Saturday, April 08, 2017

Ate Beaver For Lent

Bootleggin' BBQ Tavern, only a few blocks walk from our apartment, has an amusing treat available during Lent: beaver meat.

According to the Scientific American, when Catholicism came into contact with the new world they declared beaver a fish to accommodate local tastes.

"So in the 17th century, the Bishop of Quebec approached his superiors in the Church and asked whether his flock would be permitted to eat beaver meat on Fridays during Lent, despite the fact that meat-eating was forbidden. Since the semi-aquatic rodent was a skilled swimmer, the Church declared that the beaver was a fish. Being a fish, beaver barbeques were permitted throughout Lent. Problem solved!
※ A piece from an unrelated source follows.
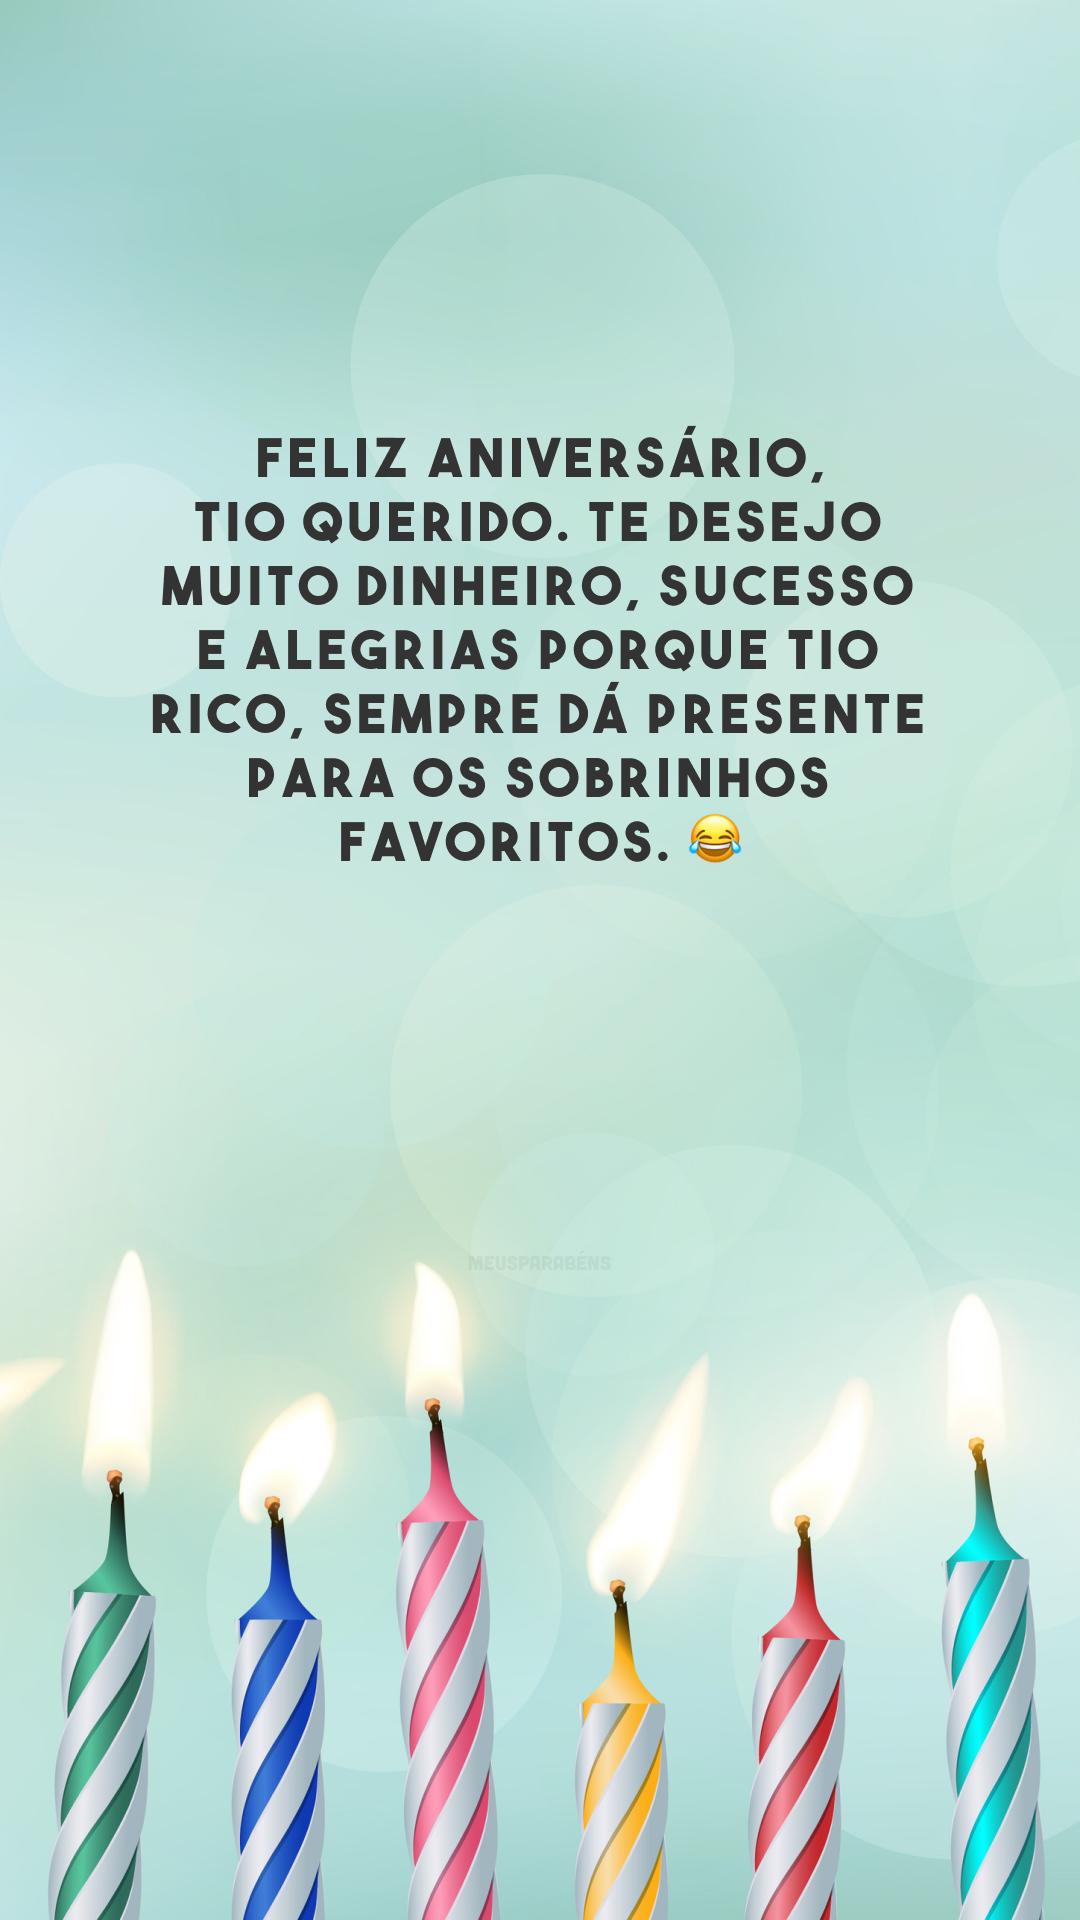 Feliz aniversário, tio querido. Te desejo muito dinheiro, sucesso e alegrias porque tio rico, sempre dá presente para os sobrinhos favoritos. 😂

The Church, by the way, also classified another semi-aquatic rodent, the capybara, as a fish for dietary purposes. The critter, the largest rodent in the world, is commonly eaten during Lent in Venezuela. "It's delicious," one restaurant owner told the New York Sun in 2005. "I know it's a rat, but it tastes really good.""

Looks like I'm going to have to find a capybara dealer for next year.








The taste didn't exactly change my life.


NPR reports that something similar is going on with another weird animal to the north: muskrat.

"In other parts of the country, it's been a longstanding habit to eat water-dwelling mammals during Lent. Muskrats are traditional in parts of the mid-Atlantic, for instance. The Southern Grille in Ellendale, Del., is serving muskrat during this Lenten season.

The dish is quite common in parts of Michigan. This time of year, lots of churches and social clubs host muskrat dinners — so many that the local stock has been partially depleted: Muskrats are being shipped in from Ohio."